Eva não recebeu o prontuário médico, que é um direito da gestante. “Assumi a culpa pela morte do meu filho. Meu casamento quase acabou. Parei de trabalhar e abandonei o mestrado”, diz. Uma lembrança especialmente amarga é a do marido carregando o caixão do filho morto, como quem embala um bebê. “Tem gente que acha que venci por ter outros filhos. Quem disse? Nunca fui ao cemitério onde meu filho está enterrado. Tenho medo de não sair viva de lá”, afirma.
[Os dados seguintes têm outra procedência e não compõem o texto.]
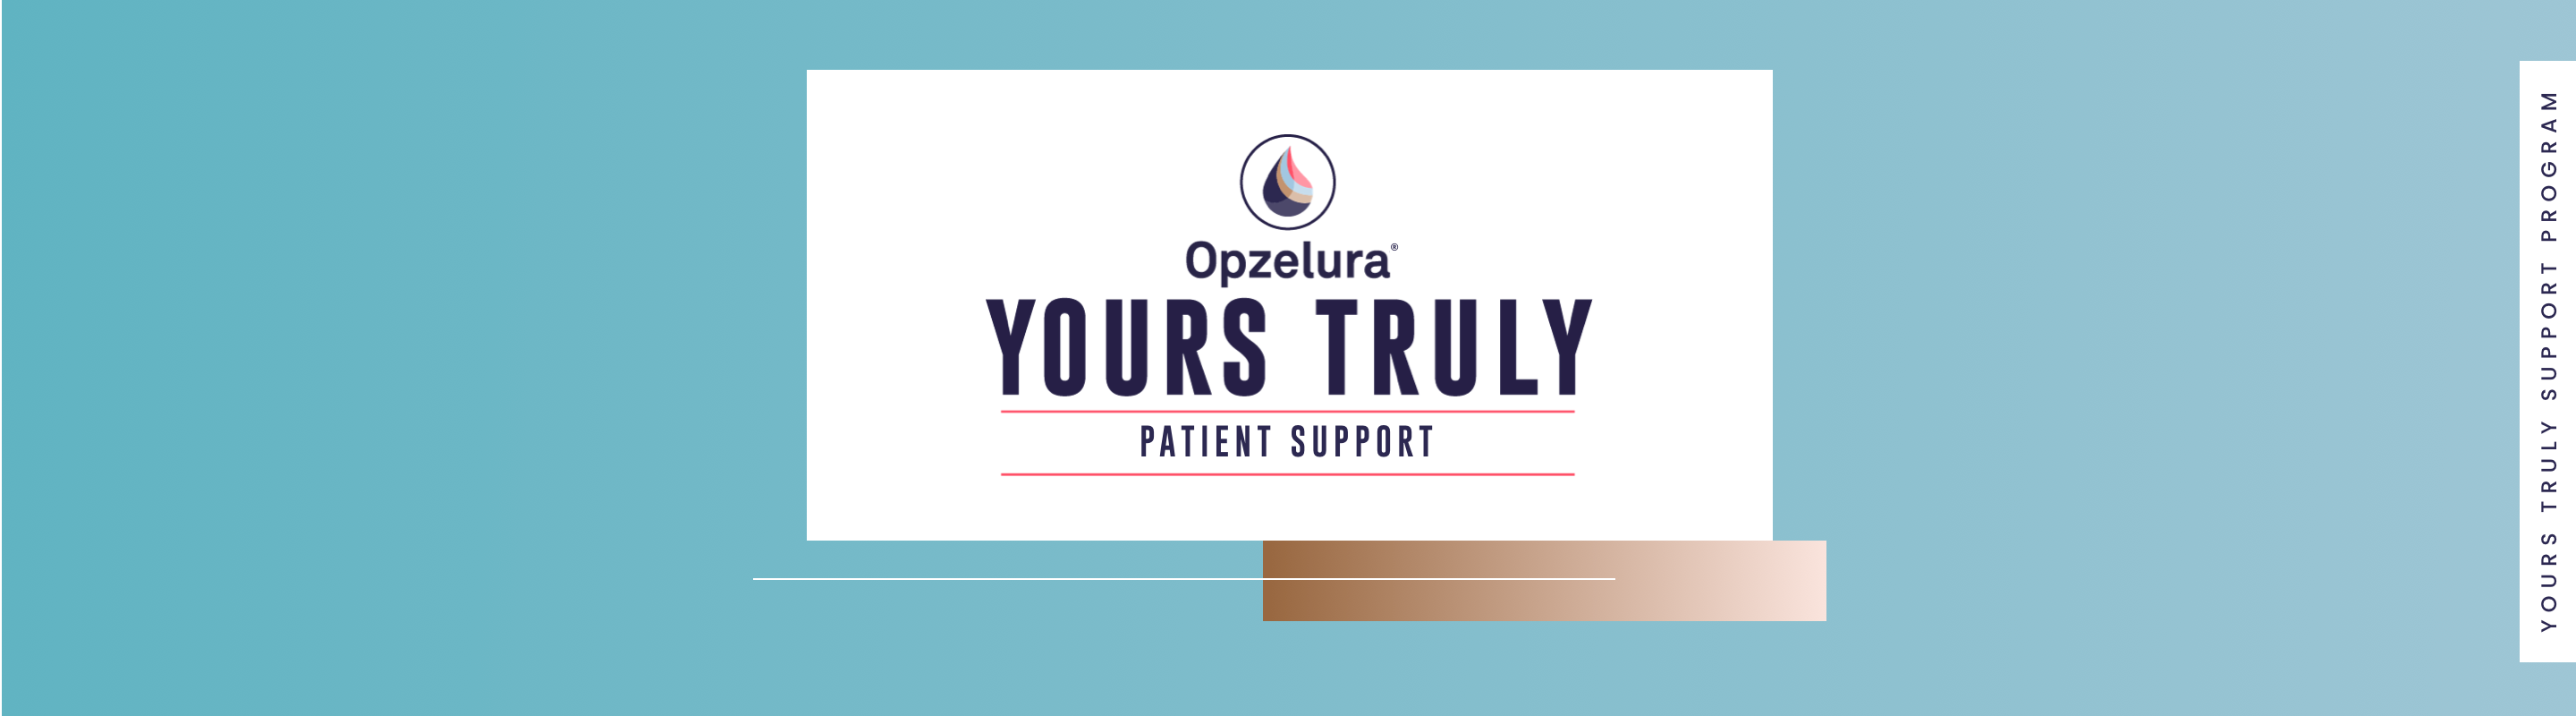 OPZELURA Yours Truly Support Program

Os abusos de que Eva foi vítima foram vistos, por décadas, com tolerância. Por essa visão tradicional, uma certa rudeza era consequência natural da série de decisões rápidas que médicos, enfermeiros e atendentes hospitalares têm de tomar, a fim de realizar partos em sequência e evitar imprevistos. Os profissionais não poderiam ser importunados por dúvidas fora de hora ou por vontades peculiares de cada família. Não mais. Os abusos são agora reconhecidos como tal e recebem o nome de violência obstétrica.
A Organização Mundial da Saúde (OMS) define a expressão como o conjunto de atos desrespeitosos, abusos, maus-tratos e negligência contra a mulher e o bebê, antes, durante e depois do parto, que “equivalem a uma violação dos direitos humanos fundamentais”. “Tem gente que nem sabe que isso é crime”, afirma Fabiana Paes, promotora do Ministério Público de São Paulo.
As mulheres fotografadas nesta reportagem foram vítimas dessa forma de agressão. Em 27 de abril, o presidente do Supremo Tribunal Federal, ministro Ricardo Lewandowski, recebeu, em mãos, um dossiê de alerta para o problema. Um dos documentos é a primeira nota técnica sobre violência obstétrica no Brasil, produzida por uma ONG que combate a violência contra a mulher, a Artemis. Lewandowski recebeu também o Projeto de Lei 7.633/14, que define os direitos das famílias à espera de um bebê.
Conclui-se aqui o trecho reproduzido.